1. “You . . . were dead in trespasses and sins” (v. 1). The very first statement is a knockout punch. Truly, nothing more need be said for man to know that his situation is hopeless. Dead—due to conscious and deliberate sin. By this means, Paul makes clear that man is helpless before God: a dead man can do nothing for himself or for anyone else.
2. “Ye walked according to the course of this world” (v. 2). The “course of this world” is one governed by Adam’s fall through sin, God’s curse upon him and his progeny, and man’s consequent complete separation from God.
3. “[Ye walked] according to the prince of the power of the air” (v. 2). Paul further explains that this “prince,” who is Satan, is the same “spirit that now worketh in the children of disobedience.” Not only are all men citizens of a world separated from God and under His condign curse but they are also governed by a malevolent dictator who wishes them ill and against whom they have no recourse.
4. “We were by nature the children of wrath” (v. 3). If the first statement contained a knockout punch, this one delivers the death blow. “Nature” speaks of man’s constitution, his unchangeable essence. In other words because of sin, every person enters this world under God’s wrath, which is His holy attitude toward sin, and under a sentence of eternal damnation.
As if that were not enough, Paul adds to the hopelessness of the Gentile condition these additional indictments.

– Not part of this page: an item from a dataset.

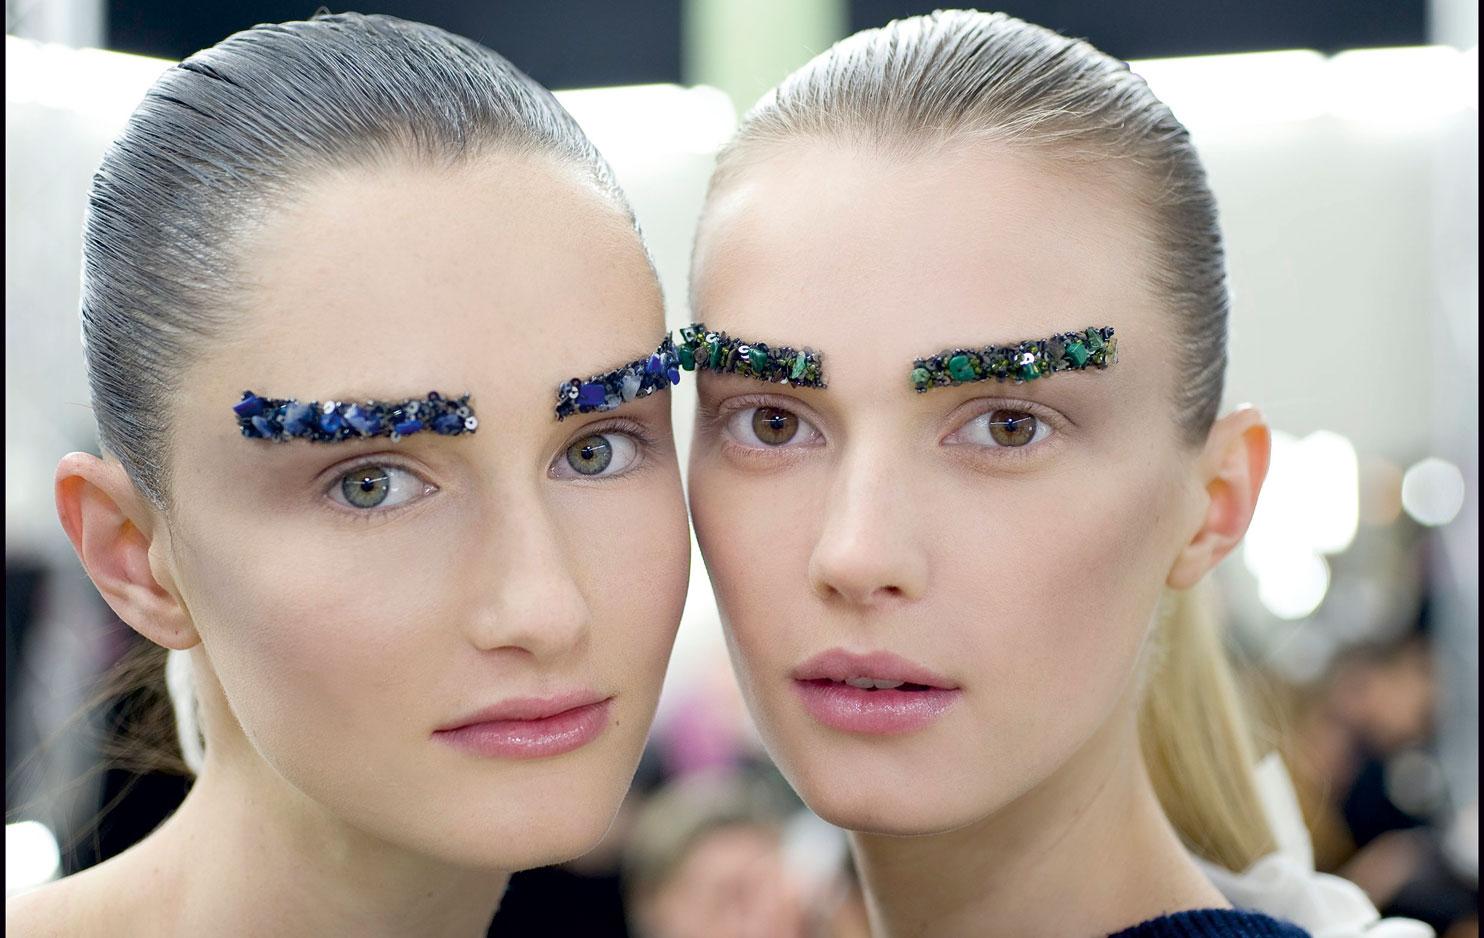 Представленные на показе бренда Chanel накладные брови не стали модным трендом и подходят разве что для фотосессий
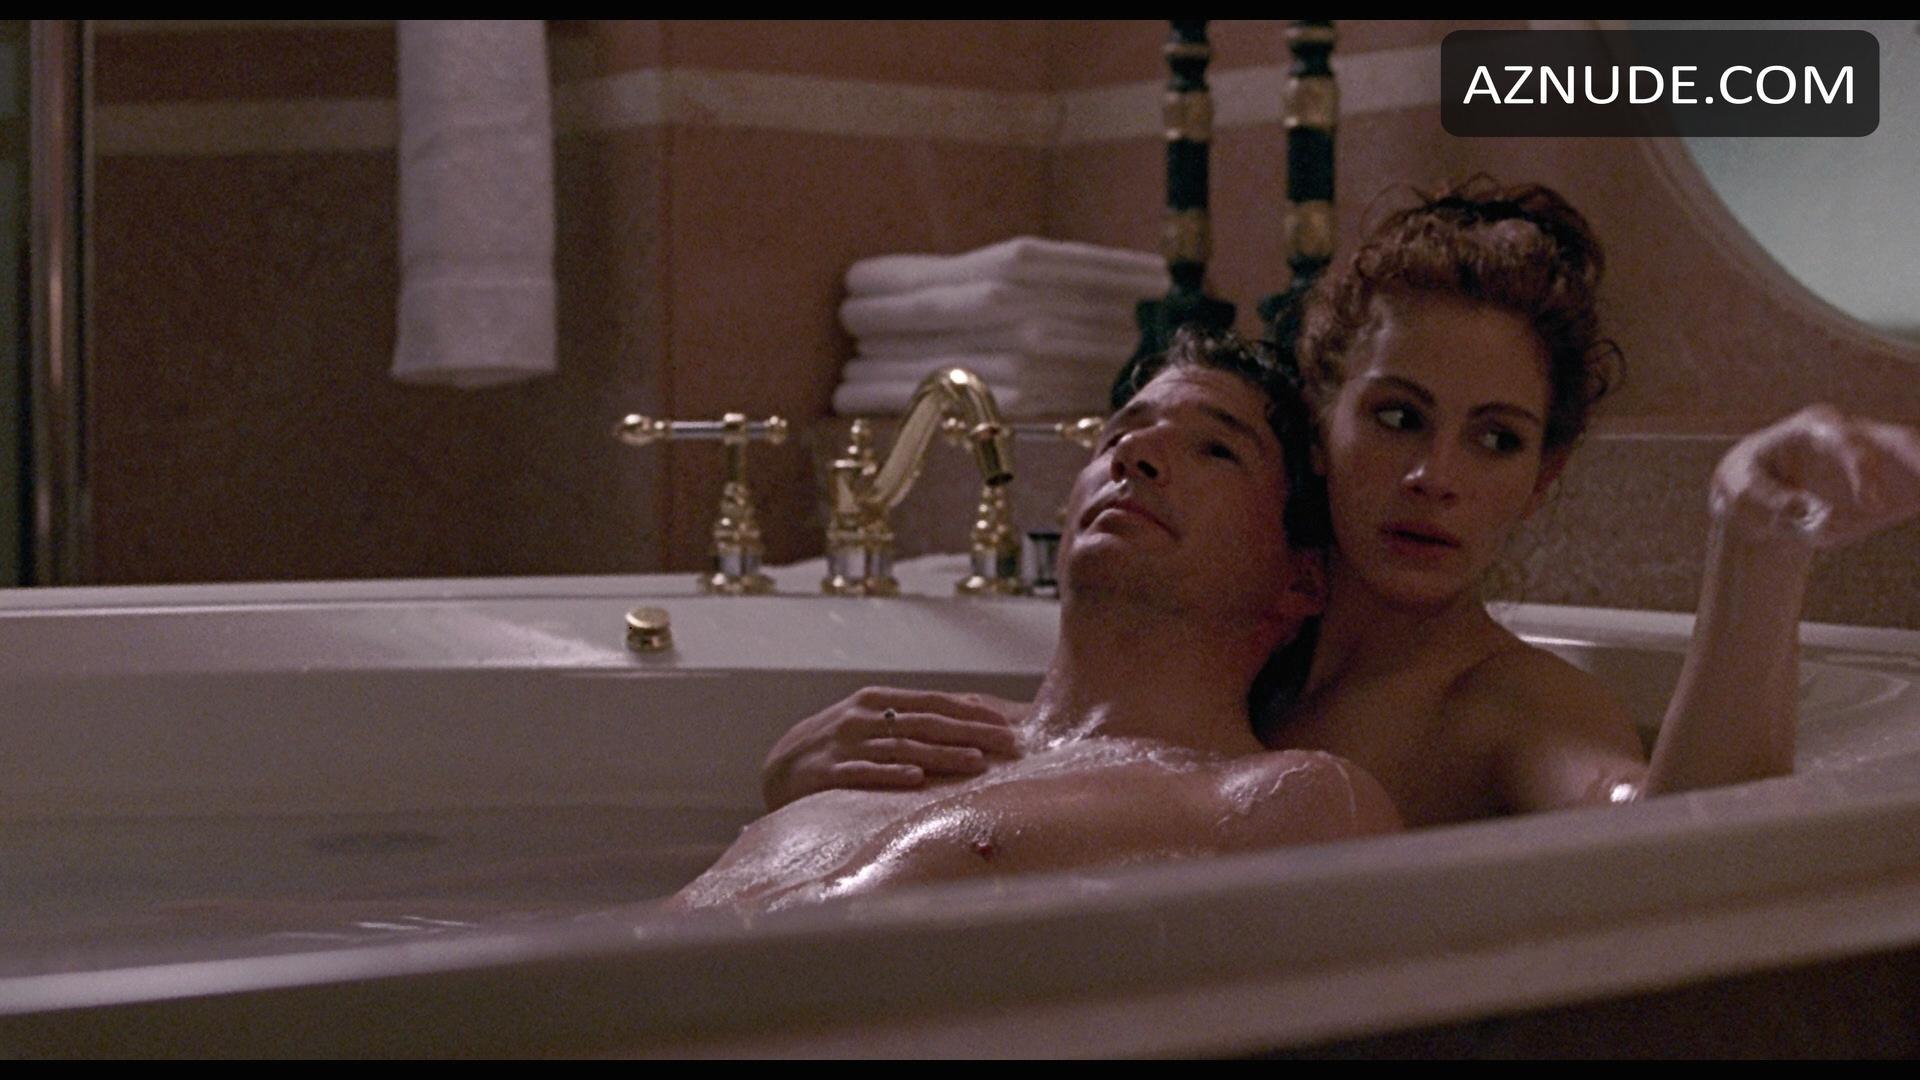 Pretty Woman Nude Scenes - Aznude Men-2959

5. “Ye . . . were without Christ” (v. 12). The Messiah came through Israel and was promised by covenant to the Jewish people. Christ is the only means of salvation; to be without Him is to be without the means of salvation and without any hope of obtaining that salvation.
6. “Aliens [i.e., “excluded from”] the commonwealth of Israel” (v. 12). Since every covenant God made was with His chosen nation, Israel, exclusion from that nation meant that no promise of God pertained to such a person. The next two phrases are appositional elaborations of this fact.
7. “Strangers from the covenants of promise” (v. 12). A stranger, or alien, is one without legal rights or protections. Not one good thing that God could or would do did He covenant to do for a Gentile.
8. “Having no hope” (v. 12). The two essential elements of hell are eternal punishment and no hope of any reprieve. Though fictitious, Dante’s imagined inscription on the gates of hell is appropriate: “Abandon all hope, ye who enter here.” Paul declares the plight of the Gentile to be that he was lost in sin, deserving of and headed to hell, and headed there without any hope of deliverance.
9. “Without God in the world” (v. 12). Gentiles had no promise from God because God had made His covenant promises exclusively with Israel. Here, Paul pulls the rug from under the last remaining shred of hope. Not only did the Gentiles have no covenant, and consequently no promise from God, they were without God. That is, they were unaware of His existence and incapable of approaching Him.
It is impossible to imagine a more desperate situation than this nine-count indictment delivered by inspiration of the Spirit of God. But this infinite bleakness is punctuated by two statements, one following each passage cited above. “But God . . . hath quickened us together with Christ. . . . For by grace are ye saved through faith. But now in Christ Jesus ye . . . are made nigh by the blood of Christ” (vv. 4, 5, 8, 13).